WHAT YOU NEED TO DO:
A verbatim copy of the lines from the one with "Social Media and" through the final line below is required; print it and nothing else.

Records from a dataset:
§ §

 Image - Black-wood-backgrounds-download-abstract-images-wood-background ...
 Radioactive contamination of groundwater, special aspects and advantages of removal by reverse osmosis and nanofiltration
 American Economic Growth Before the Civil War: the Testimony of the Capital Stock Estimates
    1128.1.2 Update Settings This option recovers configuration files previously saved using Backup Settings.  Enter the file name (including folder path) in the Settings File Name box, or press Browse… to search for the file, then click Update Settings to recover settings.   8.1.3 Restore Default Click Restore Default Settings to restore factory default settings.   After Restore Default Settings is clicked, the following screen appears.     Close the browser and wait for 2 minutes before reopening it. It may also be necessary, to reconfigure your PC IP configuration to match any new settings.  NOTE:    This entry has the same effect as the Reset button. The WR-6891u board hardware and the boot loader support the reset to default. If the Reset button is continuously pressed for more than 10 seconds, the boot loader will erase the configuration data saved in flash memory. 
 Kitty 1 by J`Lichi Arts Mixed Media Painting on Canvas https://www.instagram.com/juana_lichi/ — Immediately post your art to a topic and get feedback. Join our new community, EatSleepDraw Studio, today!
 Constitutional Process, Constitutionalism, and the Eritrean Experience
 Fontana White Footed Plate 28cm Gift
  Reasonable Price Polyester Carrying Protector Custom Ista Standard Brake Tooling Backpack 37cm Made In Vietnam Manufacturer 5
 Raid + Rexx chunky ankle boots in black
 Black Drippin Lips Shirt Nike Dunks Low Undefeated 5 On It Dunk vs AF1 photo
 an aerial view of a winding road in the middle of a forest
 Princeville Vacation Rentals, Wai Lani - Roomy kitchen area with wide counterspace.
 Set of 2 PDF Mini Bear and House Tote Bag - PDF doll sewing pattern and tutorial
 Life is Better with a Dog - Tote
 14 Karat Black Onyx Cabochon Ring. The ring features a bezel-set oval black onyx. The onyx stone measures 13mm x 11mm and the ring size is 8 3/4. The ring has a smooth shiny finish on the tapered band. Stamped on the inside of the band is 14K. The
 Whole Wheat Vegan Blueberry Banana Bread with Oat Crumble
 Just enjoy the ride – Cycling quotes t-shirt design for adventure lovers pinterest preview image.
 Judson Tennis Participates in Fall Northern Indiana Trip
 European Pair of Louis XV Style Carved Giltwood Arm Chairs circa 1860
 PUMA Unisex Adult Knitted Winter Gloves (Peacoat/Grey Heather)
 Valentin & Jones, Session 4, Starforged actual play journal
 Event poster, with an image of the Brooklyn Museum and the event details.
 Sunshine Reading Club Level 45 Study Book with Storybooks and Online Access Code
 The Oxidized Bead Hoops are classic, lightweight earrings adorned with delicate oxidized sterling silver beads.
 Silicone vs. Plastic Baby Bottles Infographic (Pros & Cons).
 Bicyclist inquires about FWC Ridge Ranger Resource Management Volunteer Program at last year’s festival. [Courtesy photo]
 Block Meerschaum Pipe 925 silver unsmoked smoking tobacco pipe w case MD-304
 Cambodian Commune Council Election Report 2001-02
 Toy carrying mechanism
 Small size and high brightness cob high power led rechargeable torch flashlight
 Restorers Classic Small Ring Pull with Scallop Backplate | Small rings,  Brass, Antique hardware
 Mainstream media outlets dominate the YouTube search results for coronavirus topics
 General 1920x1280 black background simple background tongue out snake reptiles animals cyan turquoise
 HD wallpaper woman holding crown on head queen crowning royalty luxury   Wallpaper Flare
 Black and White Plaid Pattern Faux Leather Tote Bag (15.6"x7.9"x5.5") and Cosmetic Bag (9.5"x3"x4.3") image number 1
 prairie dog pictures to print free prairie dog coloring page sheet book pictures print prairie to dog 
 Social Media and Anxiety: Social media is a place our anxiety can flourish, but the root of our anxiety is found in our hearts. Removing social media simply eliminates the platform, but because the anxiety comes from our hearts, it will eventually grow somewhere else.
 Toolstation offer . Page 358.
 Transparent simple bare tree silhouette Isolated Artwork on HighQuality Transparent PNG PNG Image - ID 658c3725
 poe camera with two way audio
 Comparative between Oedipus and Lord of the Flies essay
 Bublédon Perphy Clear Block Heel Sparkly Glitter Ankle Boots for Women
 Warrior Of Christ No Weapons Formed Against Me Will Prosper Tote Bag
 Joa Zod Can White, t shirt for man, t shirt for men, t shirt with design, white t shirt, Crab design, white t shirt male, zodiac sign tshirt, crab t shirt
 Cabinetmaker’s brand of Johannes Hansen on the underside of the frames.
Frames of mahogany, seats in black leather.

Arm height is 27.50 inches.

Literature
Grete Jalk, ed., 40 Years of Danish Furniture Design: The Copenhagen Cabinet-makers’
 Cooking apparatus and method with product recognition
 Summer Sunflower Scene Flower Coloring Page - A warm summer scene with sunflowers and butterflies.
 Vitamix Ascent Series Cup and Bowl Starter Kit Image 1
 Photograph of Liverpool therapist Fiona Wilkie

§ §

YOUR RESPONSE:
 Social Media and Anxiety: Social media is a place our anxiety can flourish, but the root of our anxiety is found in our hearts. Removing social media simply eliminates the platform, but because the anxiety comes from our hearts, it will eventually grow somewhere else.
 Toolstation offer . Page 358.
 Transparent simple bare tree silhouette Isolated Artwork on HighQuality Transparent PNG PNG Image - ID 658c3725
 poe camera with two way audio
 Comparative between Oedipus and Lord of the Flies essay
 Bublédon Perphy Clear Block Heel Sparkly Glitter Ankle Boots for Women
 Warrior Of Christ No Weapons Formed Against Me Will Prosper Tote Bag
 Joa Zod Can White, t shirt for man, t shirt for men, t shirt with design, white t shirt, Crab design, white t shirt male, zodiac sign tshirt, crab t shirt
 Cabinetmaker’s brand of Johannes Hansen on the underside of the frames.
Frames of mahogany, seats in black leather.

Arm height is 27.50 inches.

Literature
Grete Jalk, ed., 40 Years of Danish Furniture Design: The Copenhagen Cabinet-makers’
 Cooking apparatus and method with product recognition
 Summer Sunflower Scene Flower Coloring Page - A warm summer scene with sunflowers and butterflies.
 Vitamix Ascent Series Cup and Bowl Starter Kit Image 1
 Photograph of Liverpool therapist Fiona Wilkie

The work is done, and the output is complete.